Prevalence of venous thromboembolism in acute exacerbations of chronic obstructive pulmonary disease: an Indian perspective.

Chronic obstructive pulmonary disease (COPD) will be the third leading cause of death by 2020. Recent studies reveal that pulmonary embolism (PE) may be a trigger of acute deterioration in patients with COPD. Patients with COPD have approximately twice the risk of PE than those without COPD.

The primary objective was to assess the prevalence of venous thromboembolism (VTE) in patients with acute exacerbation of COPD (AE-COPD) in India.

We conducted this prospective study on patients admitted for AE-COPD in a tertiary care hospital in Mumbai, India. We considered the prevalence of deep venous thrombosis (DVT) to reflect the occurrence of VTE. The screening tool used was a colour Doppler of the bilateral lower limbs.

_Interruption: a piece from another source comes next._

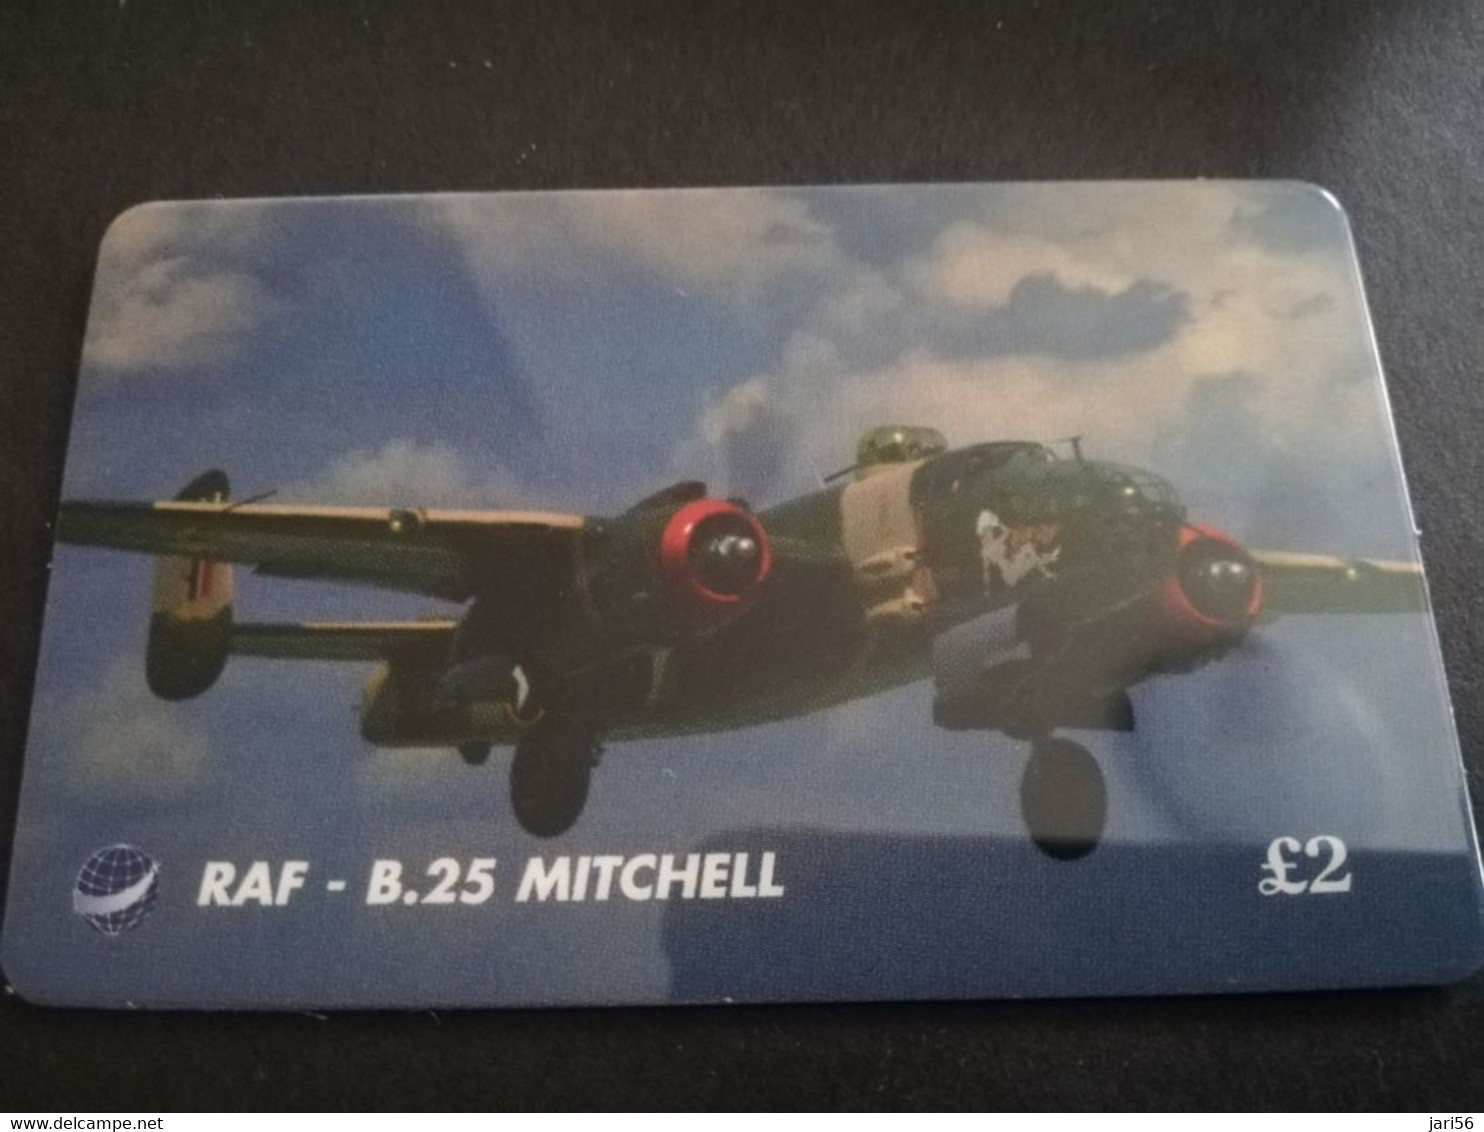 GREAT BRITAIN   2 POUND  AIR PLANES    RAF-B25 MITCHEL  PREPAID CARD      **5443** - [10] Colecciones
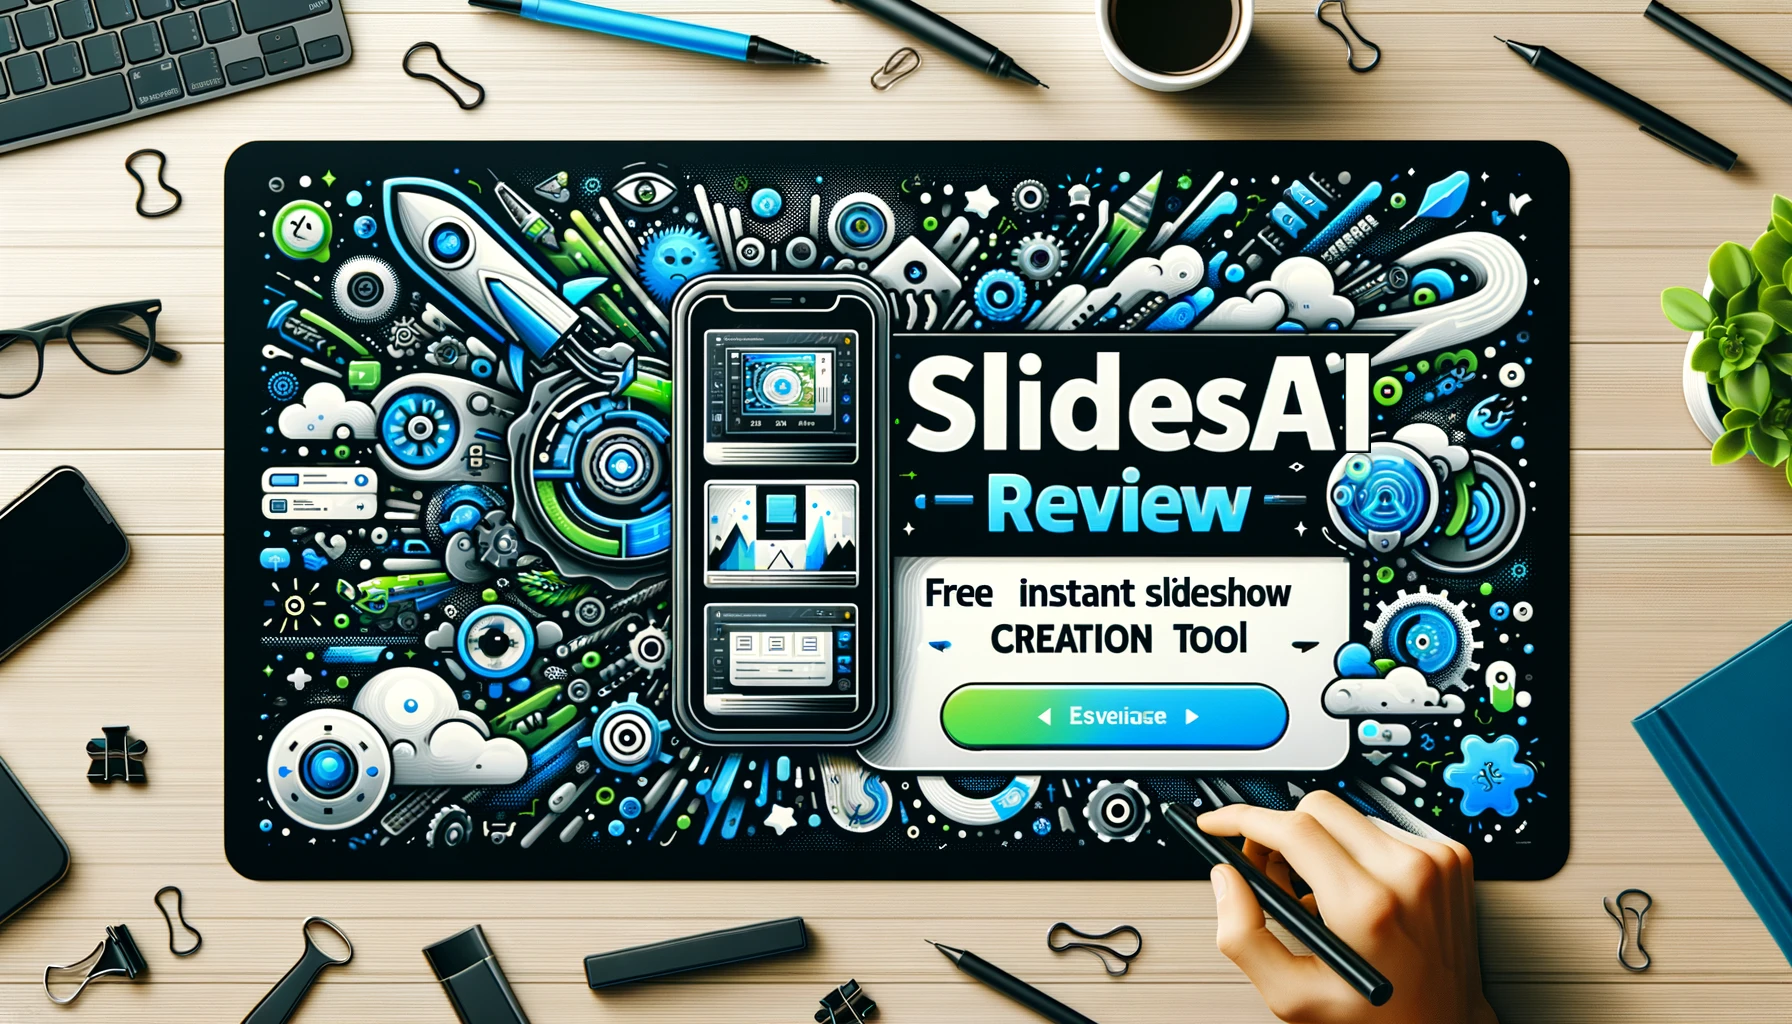 SlidesAI Review - Free Instant Slideshow Creation Tool

One hundred patients enrolled, were in stage II to stage IV COPD; 9% had DVT. Eight of these nine patients had unilateral DVT. Two patients had developed PE and died.

Our results show a lower prevalence of unsuspected DVT in Indian patients admitted for AE-COPD. Future prospective, randomised studies are needed to confirm the findings of the present study and to determine whether a systematic evaluation for VTE is justified in these patients, and hence, be recommended.